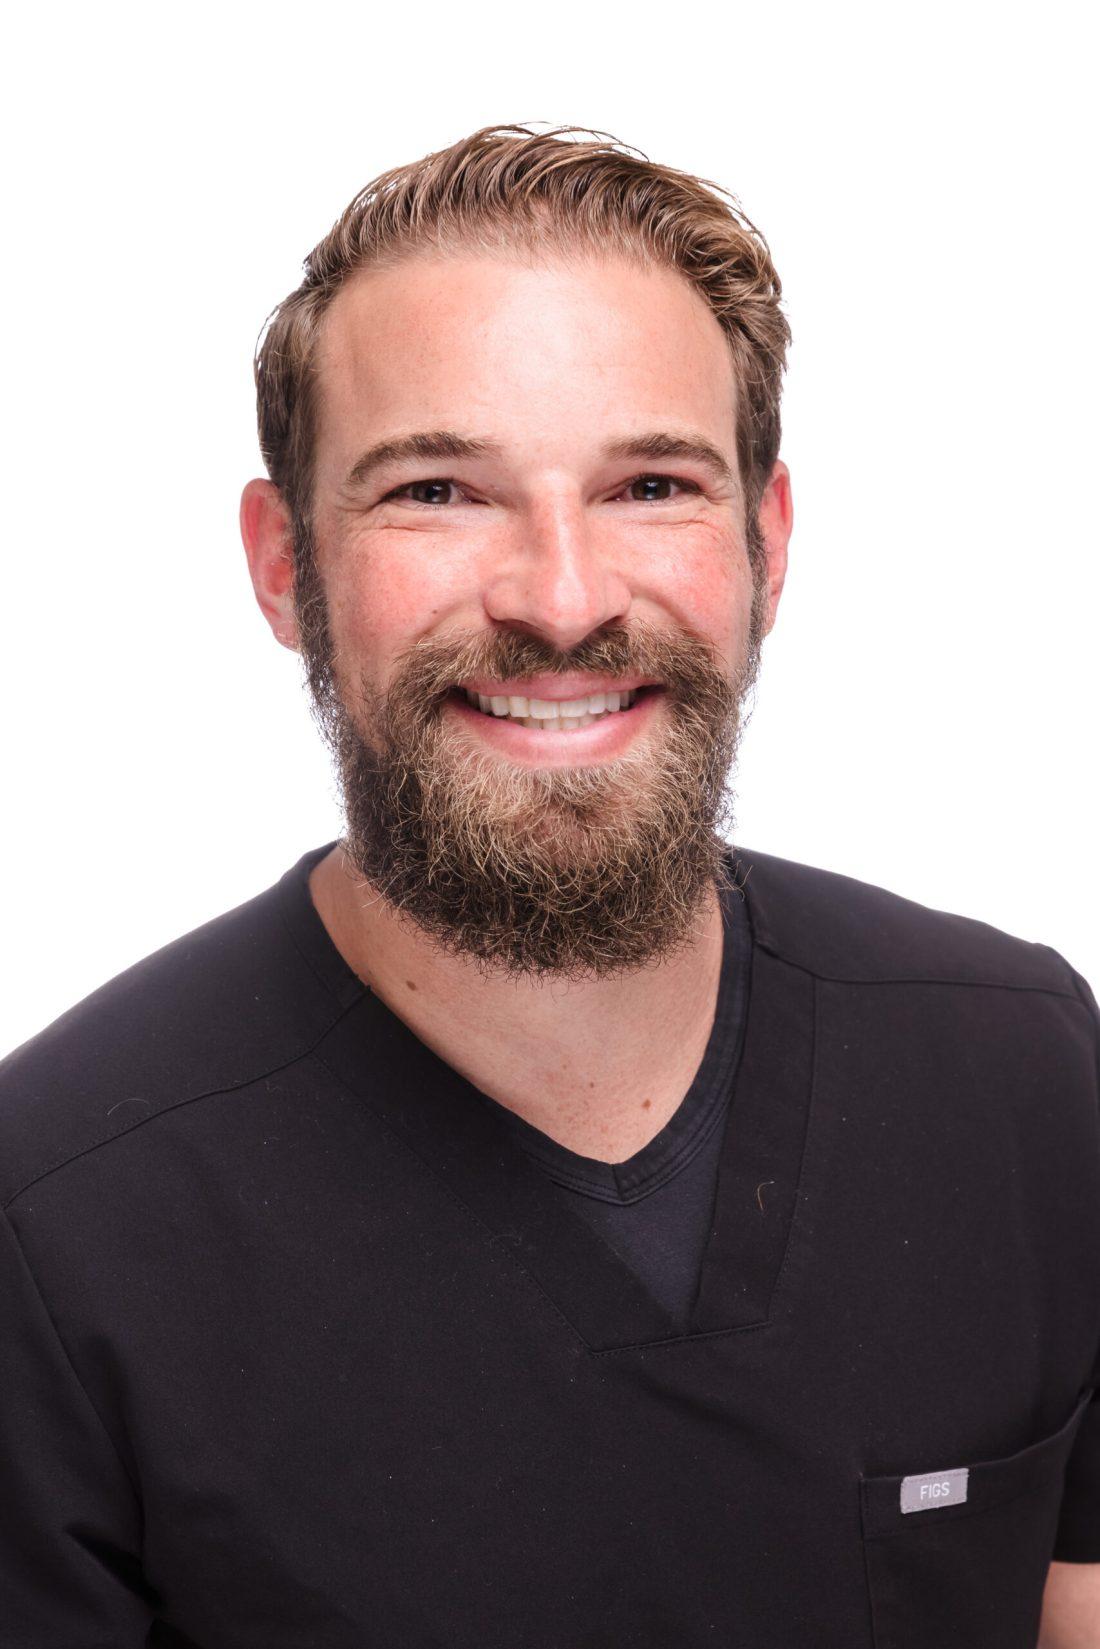 Dr. Corpodian
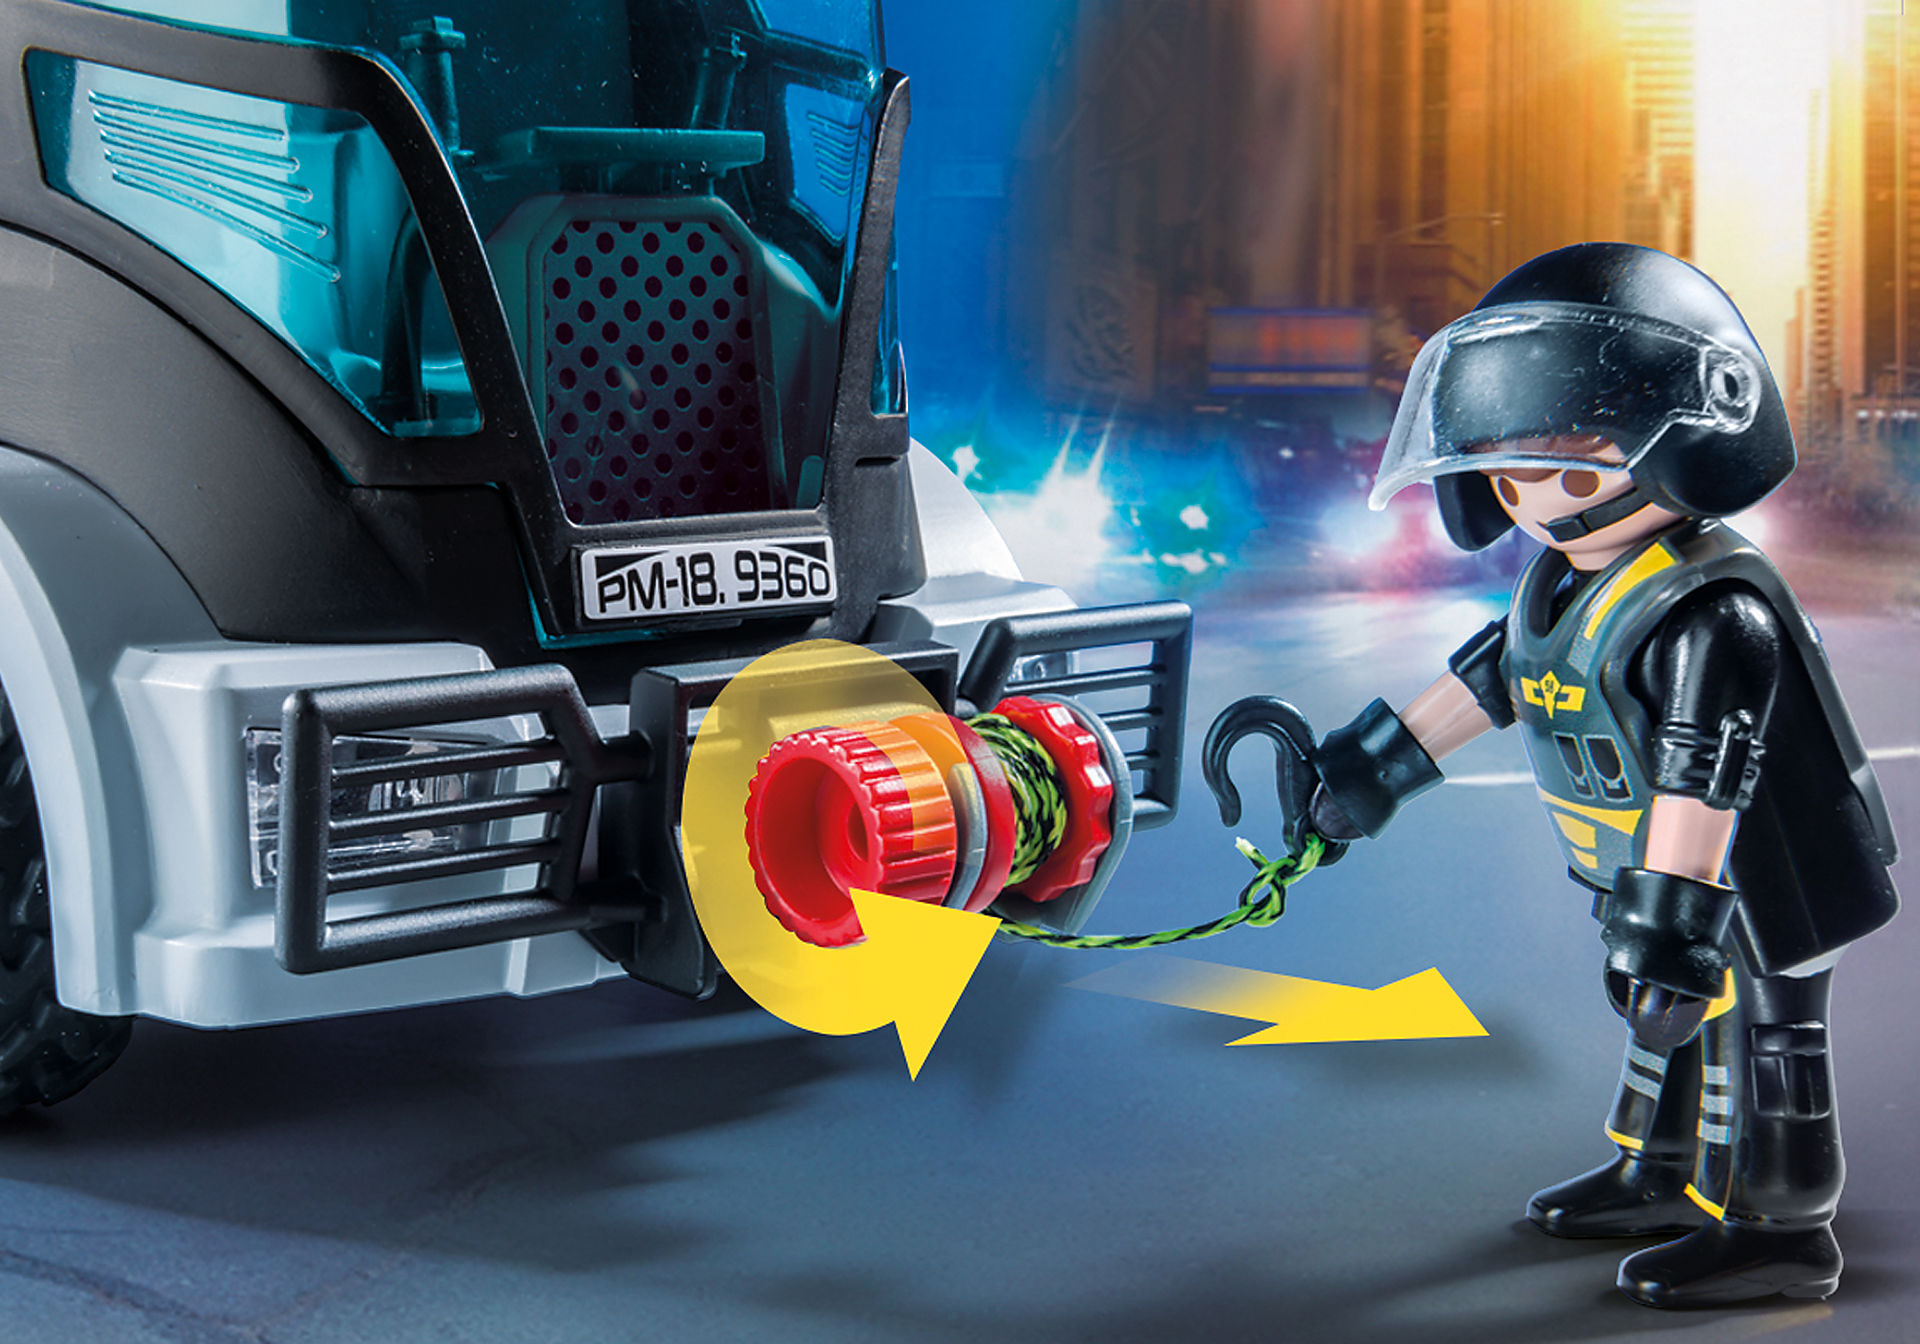 http://media.playmobil.com/i/playmobil/9360_product_extra2/Camion des policiers d'élite avec sirène et gyrophare
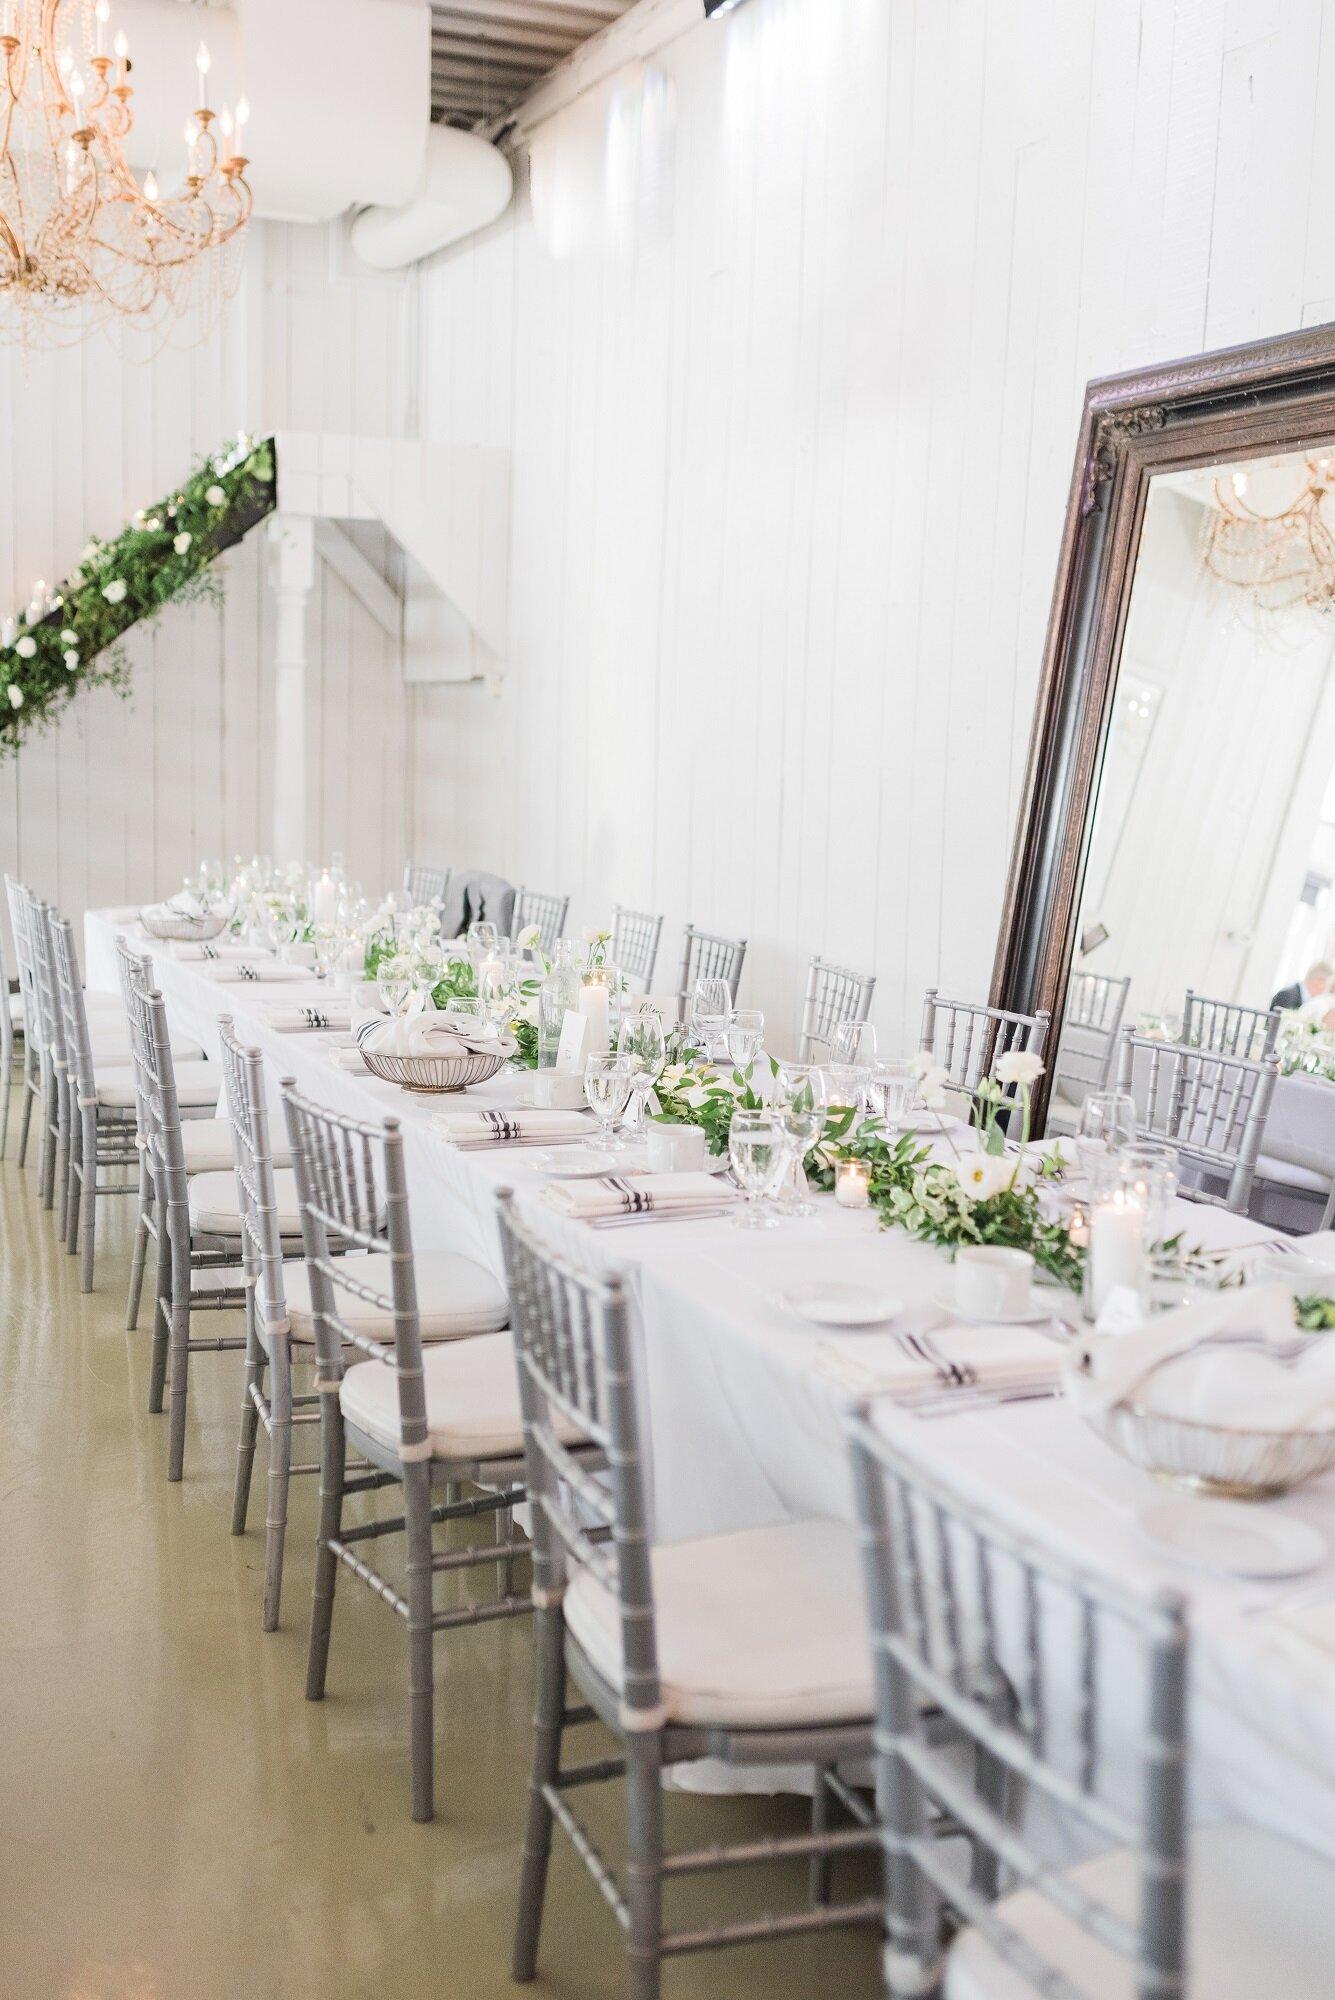 berkeley-field-house-wedding-kj-and-co-21.jpg

━━━

• [GOAL OF THE EXERCISE]:
When copying, output the data exactly and leave out the pictures.

• [ANSWER TO THIS EXERCISE]:
 Dr. Corpodian
 http://media.playmobil.com/i/playmobil/9360_product_extra2/Camion des policiers d'élite avec sirène et gyrophare
 berkeley-field-house-wedding-kj-and-co-21.jpg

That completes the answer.